Task description: Could you copy exactly the lines below from the one with "71] Blood Red" to the one with "Magic: The Complete", inclusive, leaving out any pictures?

Records shown:
——

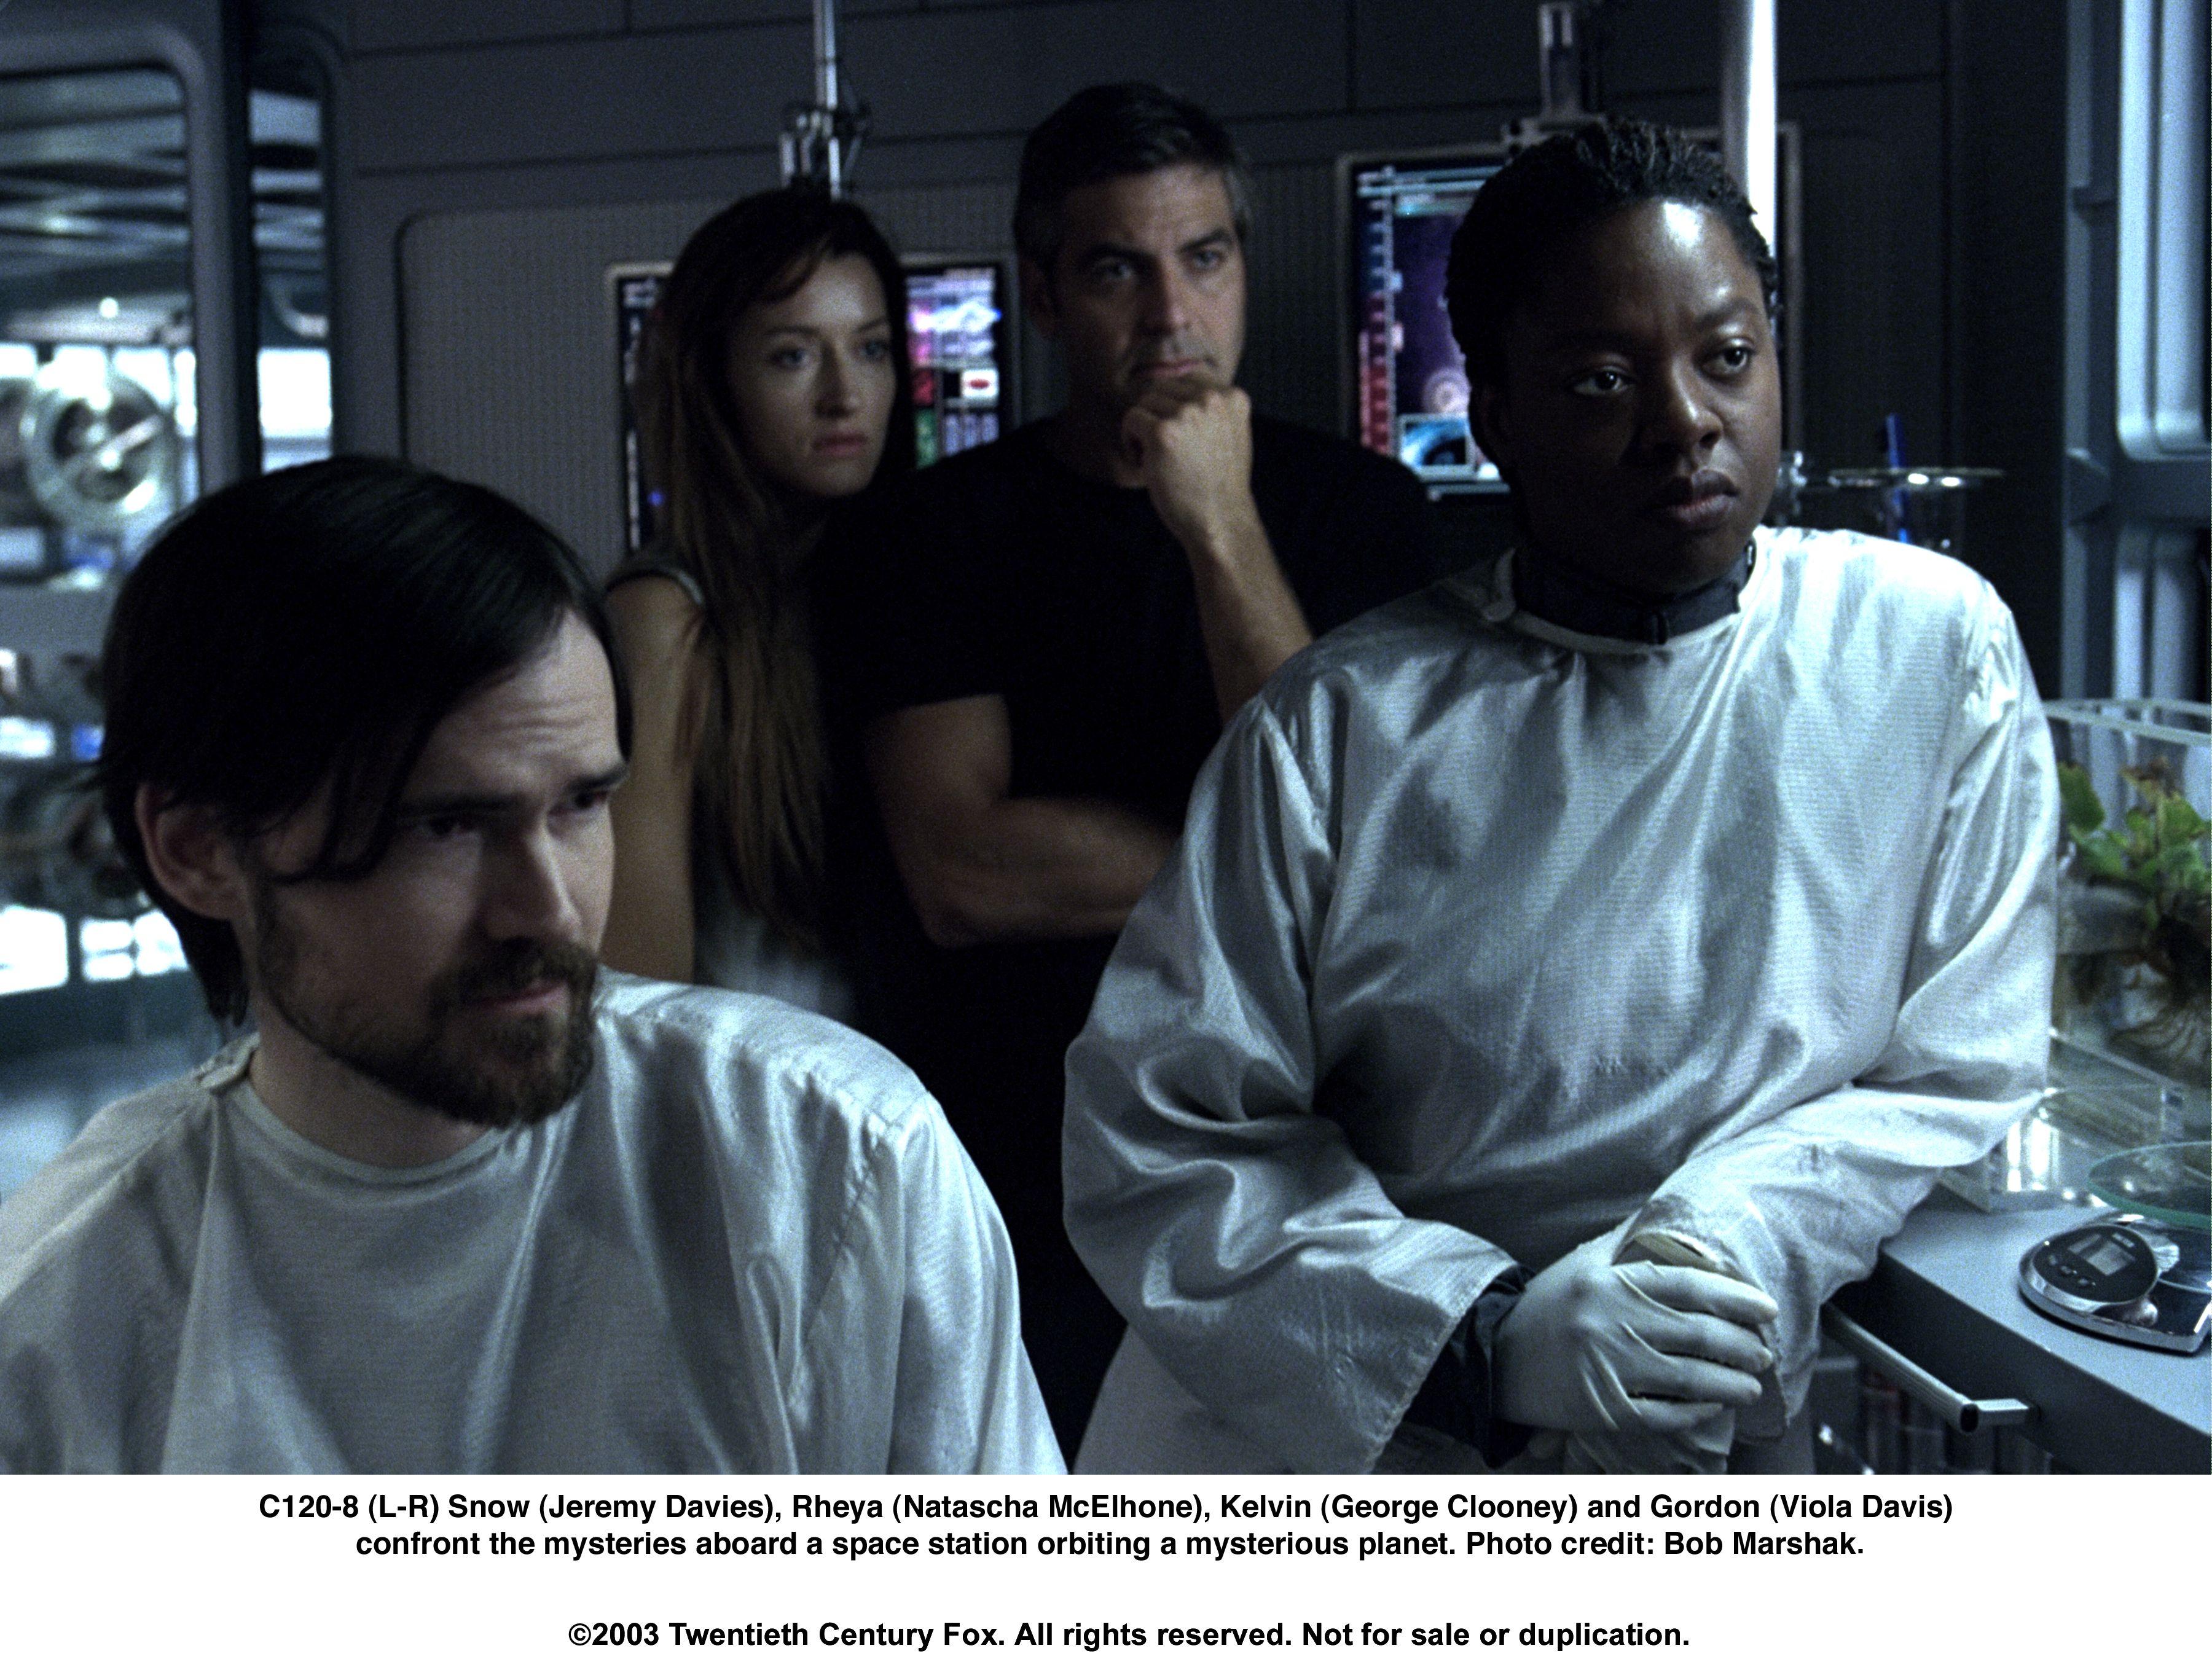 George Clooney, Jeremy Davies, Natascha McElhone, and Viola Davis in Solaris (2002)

——

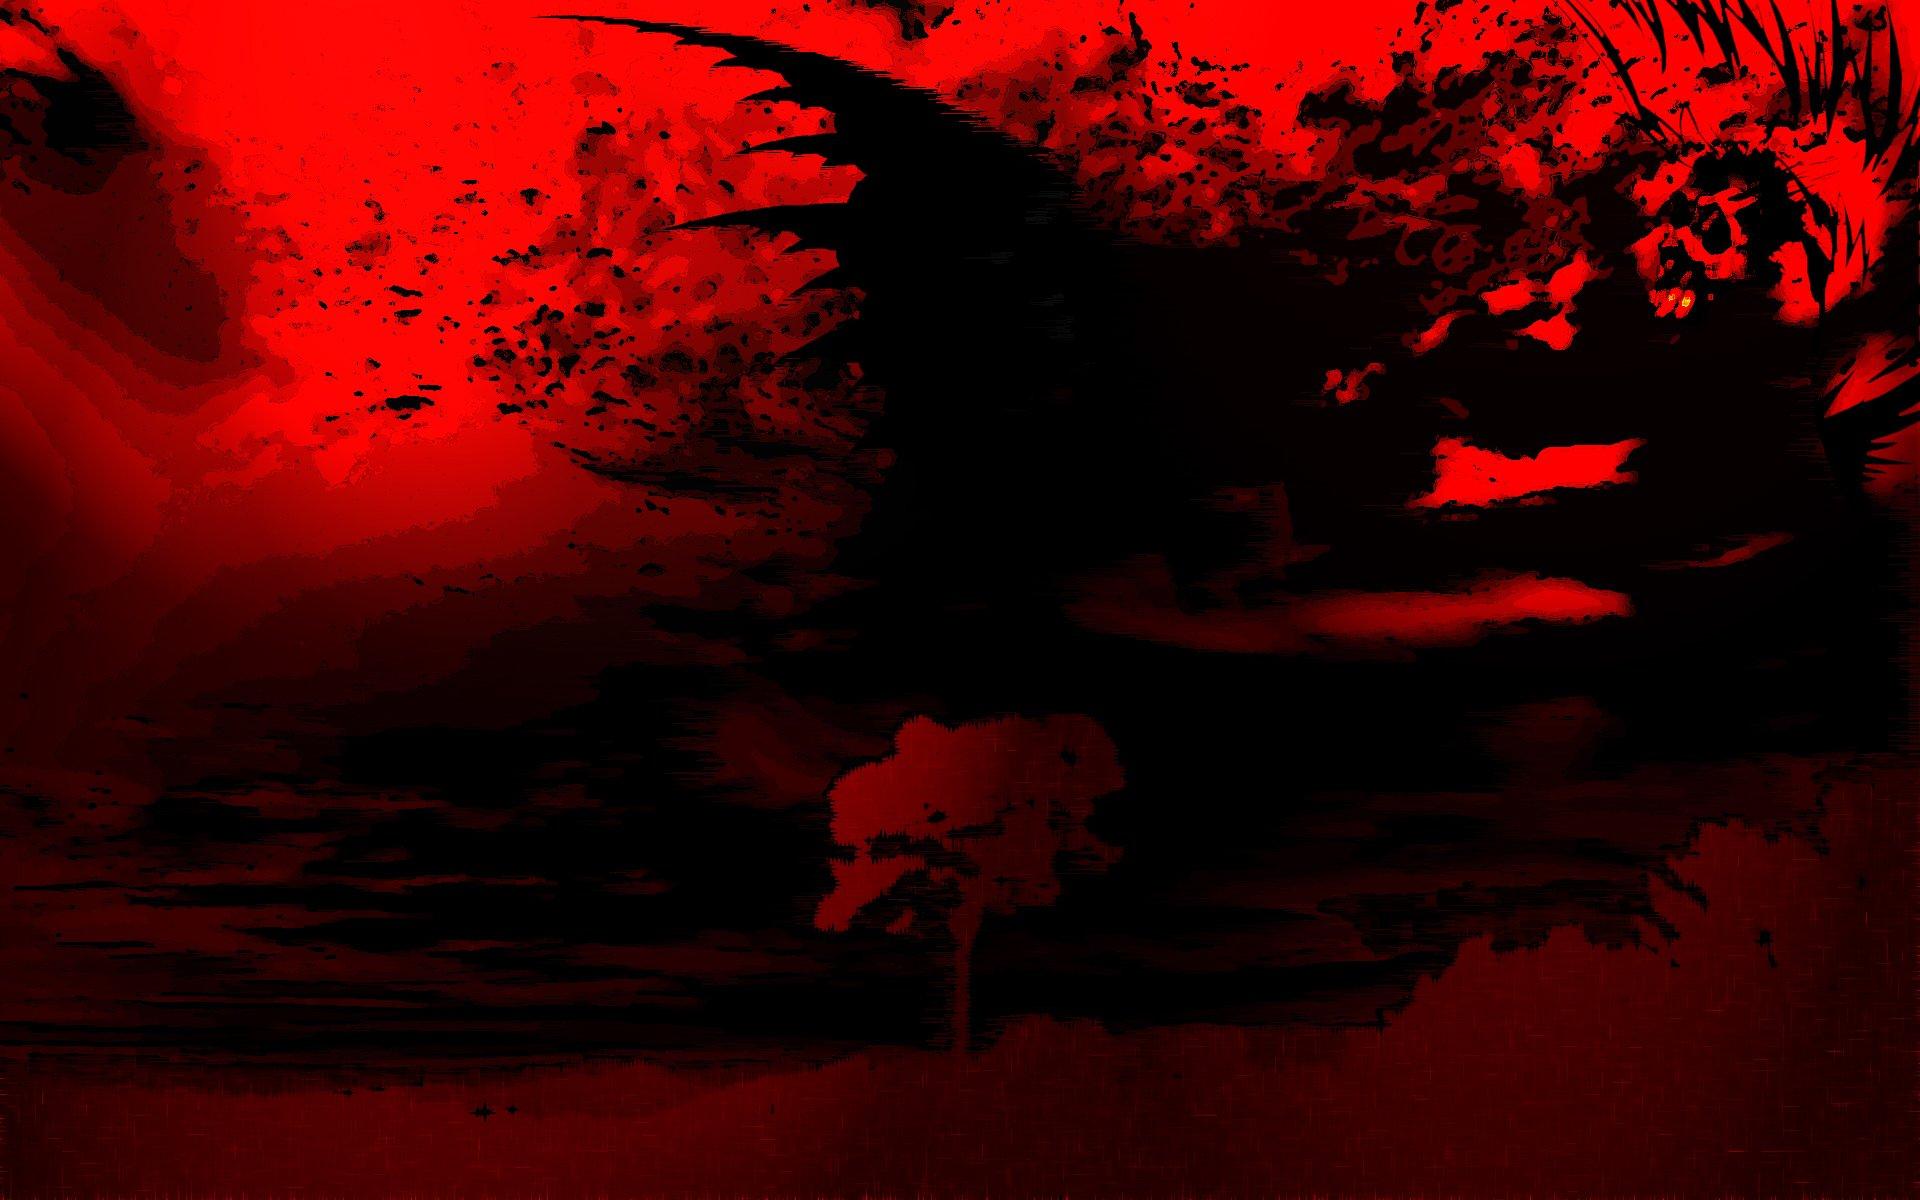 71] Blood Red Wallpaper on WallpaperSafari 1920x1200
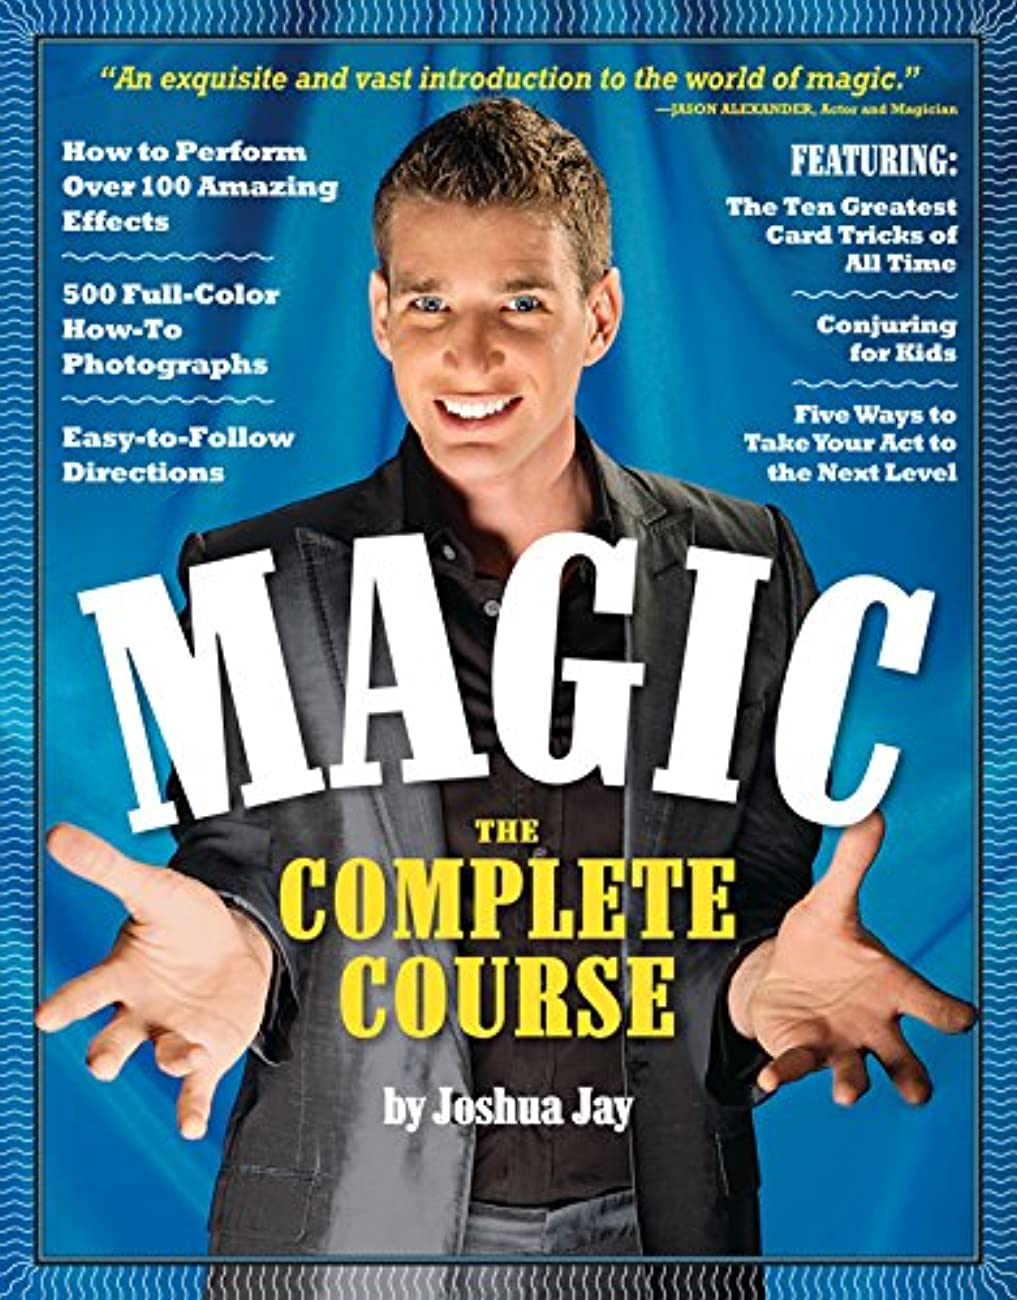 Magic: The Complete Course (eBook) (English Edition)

——

Solution to this task:
 71] Blood Red Wallpaper on WallpaperSafari 1920x1200
 Magic: The Complete Course (eBook) (English Edition)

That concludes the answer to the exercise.